Volledige kroniek van de Nederlandse Soefi historie: Periode van 1915 tot 2016

1924

Het Mureedshouse in Suresnes. Het stond vlak achter Fazal Manzil maar had de ingang in de Rue de l’Hippodrome. Vele Nederlandse gasten verbleven hier tijdens hun verblijf op de Zomerschool. Het huis staat er nog steeds, maar is geen eigendom van de Soefi Beweging meer. De houten veranda’s zijn bij een verbouwing weggehaald.

 

 

 

Murshid was dit jaar drie keer in Nederland. Van 3 tot 25 januari vindt het eerste bezoek aan Nederland plaats dat zal bestaan uit een lezingentour. De tour eindigt met een verblijf in Den Haag waar Murshid een viertal lezingen verzorgt. Tijdens deze tour doet Murshid een groot aantal inwijdingen en een achttal ordinaties tot cherag. Thema’s van de lezingen zijn:

  • Amsterdam, 10 januari, The Power of Breath, 11 januari ‘The Inner Meaning of the Sufi Order’
  • Den Haag, 16 januari ‘The service of the Sufi Movement to Humanity’. 20 januari ‘De houding tegenover de Murshid en de Taak’ en 20 januari: een toespraak tijdens de Universele Eredienst in de Anna Paulownastraat 78, diezelfde middag een toespraak over inwijding.
  • Rotterdam, 17 januari Geestelijk Leven [*]
  • 21 en 22 januari (waarschijnlijk Den Haag): klassen voor mureeds.

Van de lezing in Rotterdam bericht Het Rotterdamsch Nieuwblad een dag later, op 18 januari.
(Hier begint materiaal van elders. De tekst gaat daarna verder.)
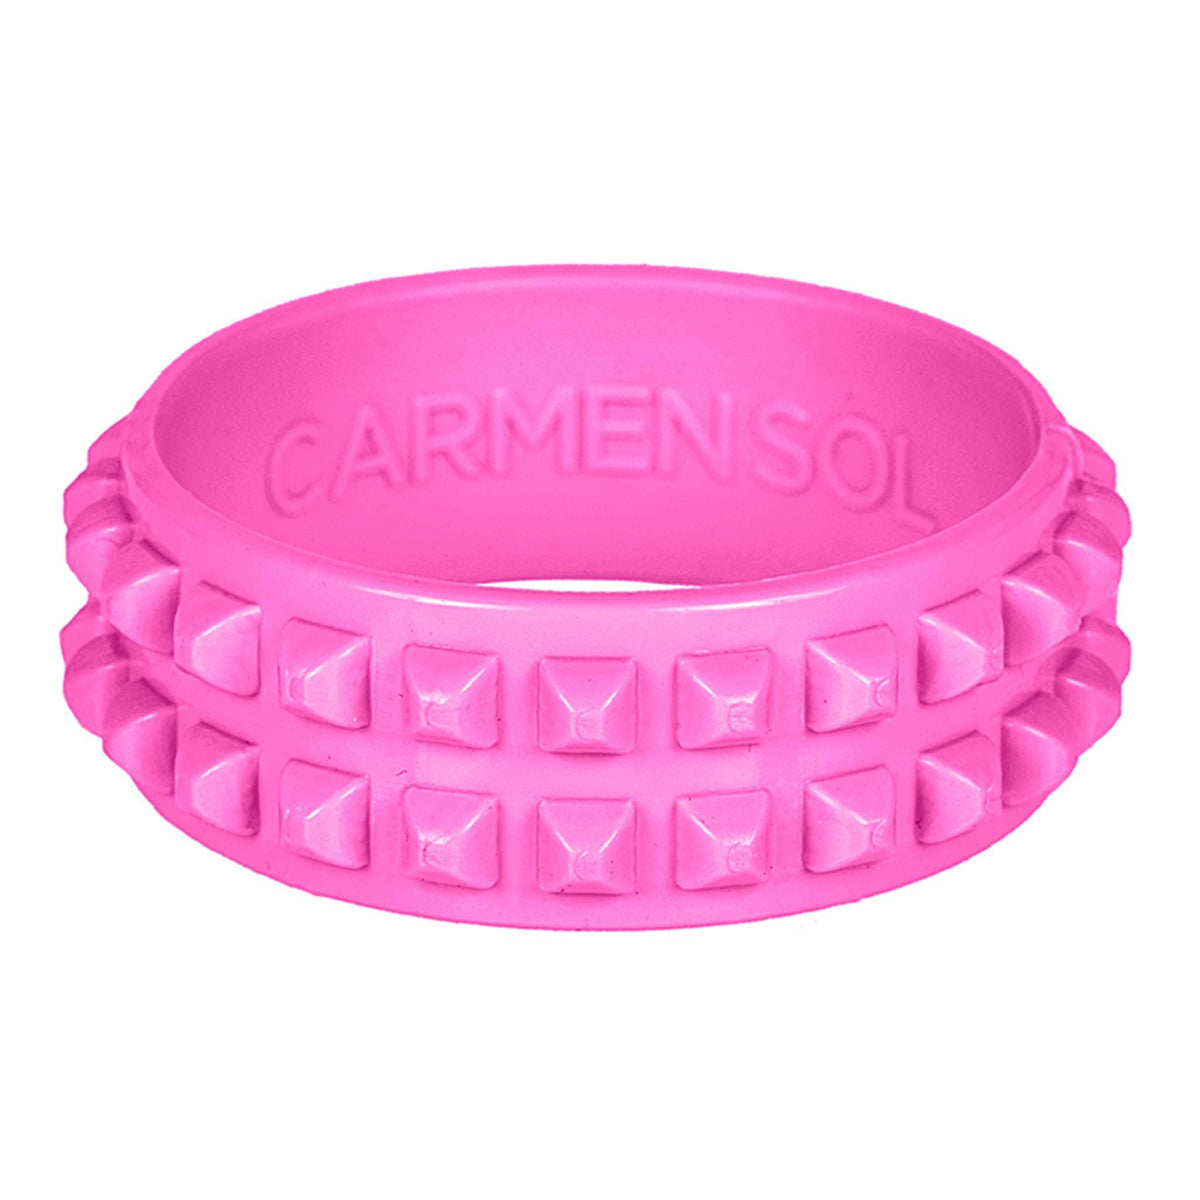 Plastic bracelets in pink

De schrijver is kritisch over de manier waarop spiritueel zoekers massaal het oosterse gedachtegoed omarmen.



Tijdens een lezing in een privé huis in Amsterdam (dat van Fatimah Cnoop – Koopmans) bezoeken de zusters Voûte voor een tweede maal bijeenkomst van Murshid. Ze zijn wederom onder de indruk maar durven de meester nog niet aan te spreken.

In het voorjaar van 1924 organiseert Zuleikha van Ingen – Jelgersma op een aantal maandagen lezingen in Nijmegen. De voordrachten worden verzorgd door haar zelf (18 februari),  Sirdar Hubertus Paul baron van Tuyll van Serooskerken (17 maart), de schrijfster Tony de Ridder (7 april) en Margaretha Meijboom (5 mei). De lezingen worden op 11 februari aangekondigd in de Provinciale Geldersche en Nijmeegsche Courant.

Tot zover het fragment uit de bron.